As the American Jewish community mimics the rest of America with ugly, polarizing political fights, calls for a “big tent” are becoming common. Partisans are pushing back, caricaturing calls for a big tent as lacking in principle or shilling for the status quo. But constructing a big tent that is open enough to welcome disparate voices, yet not so undefined that it has no mooring, takes great skill and vision.
The finesse required was on display earlier this month. AJC Access, the American Jewish Committee’s youth wing, convened a second annual conference with the Reut Institute, an Israeli action-based think tank, to try creating a big, broad, respectful conversation about Israel, left, right and center. Young Jews, mostly aged 25 to 45, from more than 30 countries, participated.

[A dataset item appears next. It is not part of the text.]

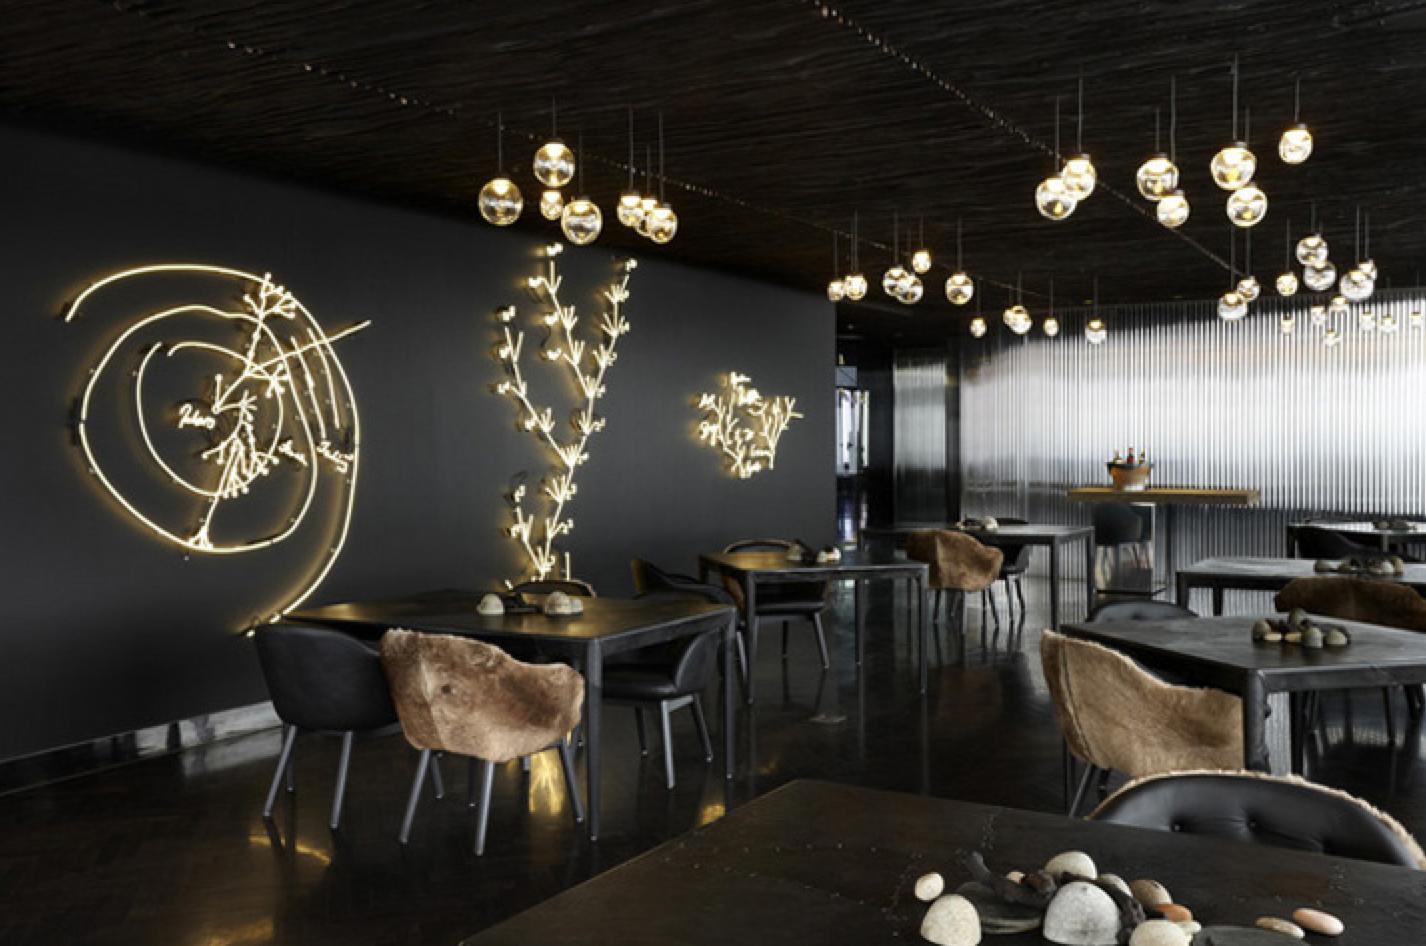 todd mitchell //decorandstyle.co.uk/interior-designer- · Modern LightingLighting DesignLighting IdeasRestaurant ... & todd mitchell http://decorandstyle.co.uk/interior-designer-todd ... azcodes.com
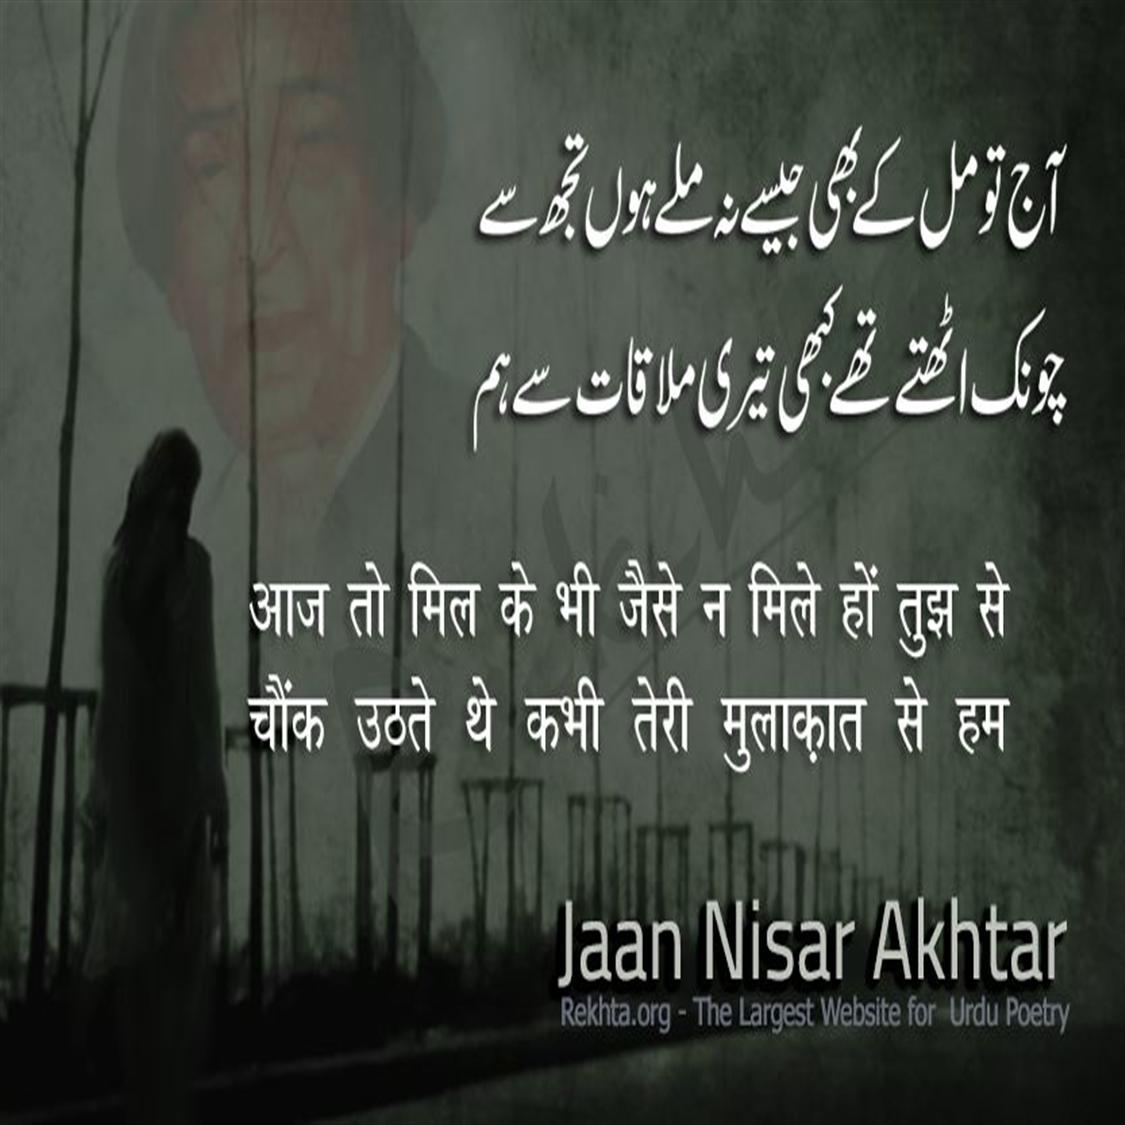 aaj to mil ke bhii jaise na mile ho.n tujh se-Jaan Nisar Akhtar

During an intense, four-hour marathon session on “Legitimizing Israel,” I suggested four poles necessary for building a civil Jewish tent when talking about Israel. Like Abraham’s tent, it should be open on all four sides, while nevertheless offering protection.
Start by acknowledging complexity. Despite being a messy muddle, the Middle East seems to invite the most simplistic sloganeering. Yossi Klein Halevi, my colleague at Engaging Israel, a project of the Shalom Hartman Institute in Jerusalem, says that the Israeli right fails by ignoring the first intifada’s lessons — that the Palestinians are a people with rights to self-determination, which must be respected. The Israeli left fails by ignoring the second intifada’s lessons, that Palestinian political culture is possessed by annihilationist impulses. Until Palestinian leaders become more committed to building their own state rather than destroying Israel, peace will remain elusive.
Secondly, we should build identity, mounting what Donniel Hartman of Engaging Israel calls a “Jewish values conversation about Israel.” Last summer, after I wrote two articles critical of J Street in the Jerusalem Post, I nevertheless was invited to address J Street U’s student mission to Israel. Using the Engaging Israel methodology, which entails drilling down to core issues while carving out open, respectful space for dialogue, I hosted the students in my home, and began the conversation by exploring the question of why we need a Jewish state. Having studied fundamentals together, and having forged a broad consensus about Jewish identity that requires expression in state form, we could then start debating borders and tactics with no acrimony.
More broadly, we have to stop only experiencing Israel as a country that needs our support. We have not fully recognized how Israel’s existence enhances Jewish identity worldwide — or how Israel helps solve our existential dilemmas as human beings and as Jews in a stressful, confusing modern world. This kind of Zionism highlights consensus and spotlights values, while ending the constant obsession with Israel’s headaches.
Thirdly, we also must not be afraid to define our community. We should develop “red lines” and “blue and white lines,” meaning ideas we repudiate and principles we champion. Two years ago, a group that I was a part of, ranging from left to right, worked together to define common parameters. The document we produced came easily. We all affirmed our beliefs in Jewish nationalism, Jewish statehood, and mutual respect. And we agreed on red lines, such as not accusing Israel of racism or apartheid, and, more generally, not trying to refight the 1948 war about Israel’s right to exist, rather than the 1967 war about Israel’s borders.
Connected to this is the fourth and final pole, recognition of the toxicity that emerges from the systematic Arab attempt to delegitimize Israel. We are all scarred by living in the age of delegitimization. The Zionist left, in particular, should start getting angry at the delegitmizers, recognizing just how much delegitimizing Israel harms the peace process.
In building this tent, my advice is: acknowledge complexity, because nuance matters; engage Jewish identity issues, because values matter; define our community, because boundaries matter; and condemn the delegitimizers’ toxicity, because words matter.
In concluding the conference, the AJC’s executive director, David Harris, eloquently explained why AJC convenes a big tent and cultivates a strong center. “We are more effective, we are more intelligent, we are more credible, when we listen hard to reasoned sides of the complex Israel issue before speaking up,” he said. Harris said the stakes couldn't be higher, and, simplistic, doctrinal thinking doesn’t help advance the discussion; the argumentative Jewish tent should not an echo chamber, but must embrace civility and mutual respect.
This big tent approach appreciates that, as Harris noted, Israel is both a modern-day miracle and a work in progress. And it recognizes that over the millennia, Jews have created what he calls “the consummate guilt culture,” which is now applied obsessively to Israel. Meanwhile, the Palestinians have developed “the consummate blame culture,” which then preys on us so perfectly. The big tent approach notes the growing shrillness and polarization in American political culture but says, “We can do better.”
Gil Troy is an iEngage Fellow at Shalom Hartman Institute in Jerusalem and professor of History at McGill University in Montreal.